The Implex Hedrocel® Replacement Cup Insert, cemented, is intended for use as a in-situ replacement polyethylene bearing surface under circumstances of joint instability, wear and/or damage caused by the patient during use.

Device Description

The Implex Hedrocel® Replacement Cup Inserts, cemented, are compatible with the family of Hedrocel® acetabular cups in OD sizes from 40 to 70 mm. The replacement inserts are available with four ID size options (22 mm, 26 mm, 28 mm and 32 mm) and in 0°, 10°, and 20° face angles.

AI/ML Overview

This document describes the regulatory submission for the Implex Hedrocel® Replacement Cup Insert, a medical device. The information provided heavily focuses on regulatory compliance and substantial equivalence to predicate devices, rather than detailed performance study results in the context of typical AI/software acceptance criteria.
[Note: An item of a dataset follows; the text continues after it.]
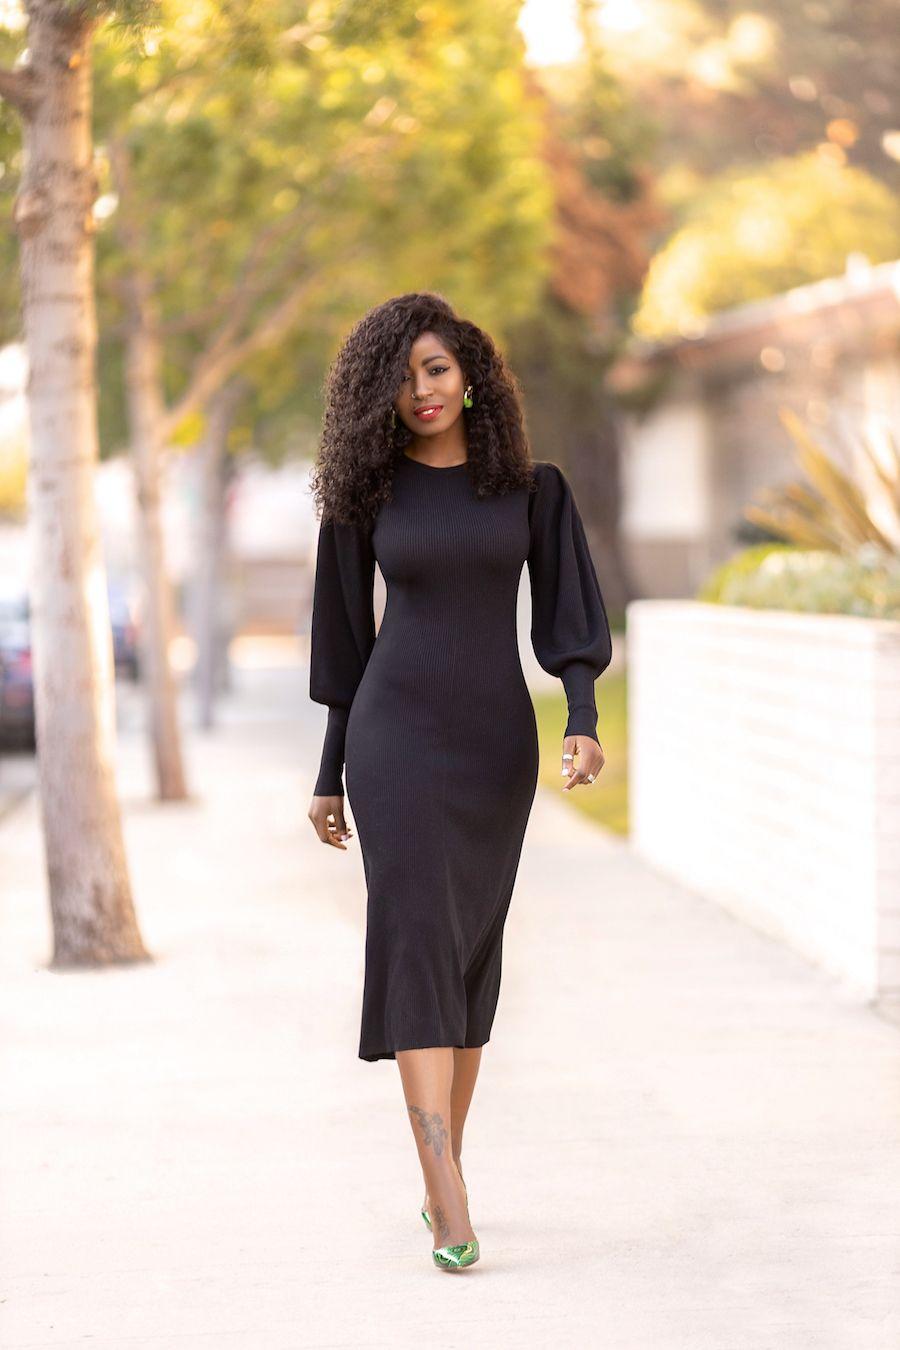 Black Puff Sleeve Midi Dress Puff Sleeve Midi Dresses Midi Dress Outfit Midi Dress Style [ 1350 x 900 Pixel ]

Therefore, many of the requested details regarding acceptance criteria, study design for AI, expert involvement, and ground truth establishment are not directly applicable or available in the provided text. The device is a physical medical implant, not an AI/software product.

However, I can extract the relevant information within the context of a traditional medical device submission if analogy to AI acceptance criteria is made.

Acceptance Criteria and Device Performance (Analogous to AI/Software)

For this physical medical device, the primary "acceptance criterion" from a regulatory perspective is substantial equivalence to predicate devices. This is established by demonstrating that the device has similar technological characteristics and performs comparably in relevant tests.

Acceptance Criteria (Analogous)Reported Device Performance (Analogous)
Technological Characteristics Substantial Equivalence to predicates (e.g., materials, design, intended use).A comparison of the principal device technological characteristics to the predicate devices demonstrates that the bearing surface is substantially equivalent to commercially available polyethylene bearing surfaces.
Fatigue Characteristics to meet defined laboratory conditions.Testing conducted to evaluate the fatigue characteristics of the device under defined laboratory conditions was provided to support a finding of substantial equivalence.
Intended Use (as an in-situ replacement polyethylene bearing surface).The device is intended for use as an in-situ replacement polyethylene bearing surface under circumstances of joint instability, wear and/or damage caused by the patient during use. This aligns with the function of predicate devices.

Breakdown of Study Information (Interpreted for a Physical Device)

  1. Sample size used for the test set and the data provenance:

    • Sample Size: Not explicitly stated. For a physical device like this, the "test set" would refer to the number of devices or components subjected to mechanical testing. This information is typically found in the full test reports, not the summary K983128 document.
    • Data Provenance: The document states "Testing conducted to evaluate the fatigue characteristics of the device under defined laboratory conditions." This indicates prospective laboratory testing. The country of origin of the data is not specified, but given the submitter's address (Allendale, New Jersey, USA) and the FDA submission, it's highly probable the testing was conducted in the USA or by a facility adhering to US regulatory standards.

  2. Number of experts used to establish the ground truth for the test set and the qualifications of those experts:

    • Not Applicable in the AI Sense: For a physical device, "ground truth" for mechanical testing is established by engineering standards and measurement accuracy, not by human experts interpreting data. The "experts" would be the engineers and technicians designing and conducting the tests, ensuring they follow recognized standards (e.g., ISO, ASTM for material properties, fatigue, wear). Their qualifications would be in materials science, biomechanical engineering, or related fields. The document does not specify the number or qualifications of these testing personnel.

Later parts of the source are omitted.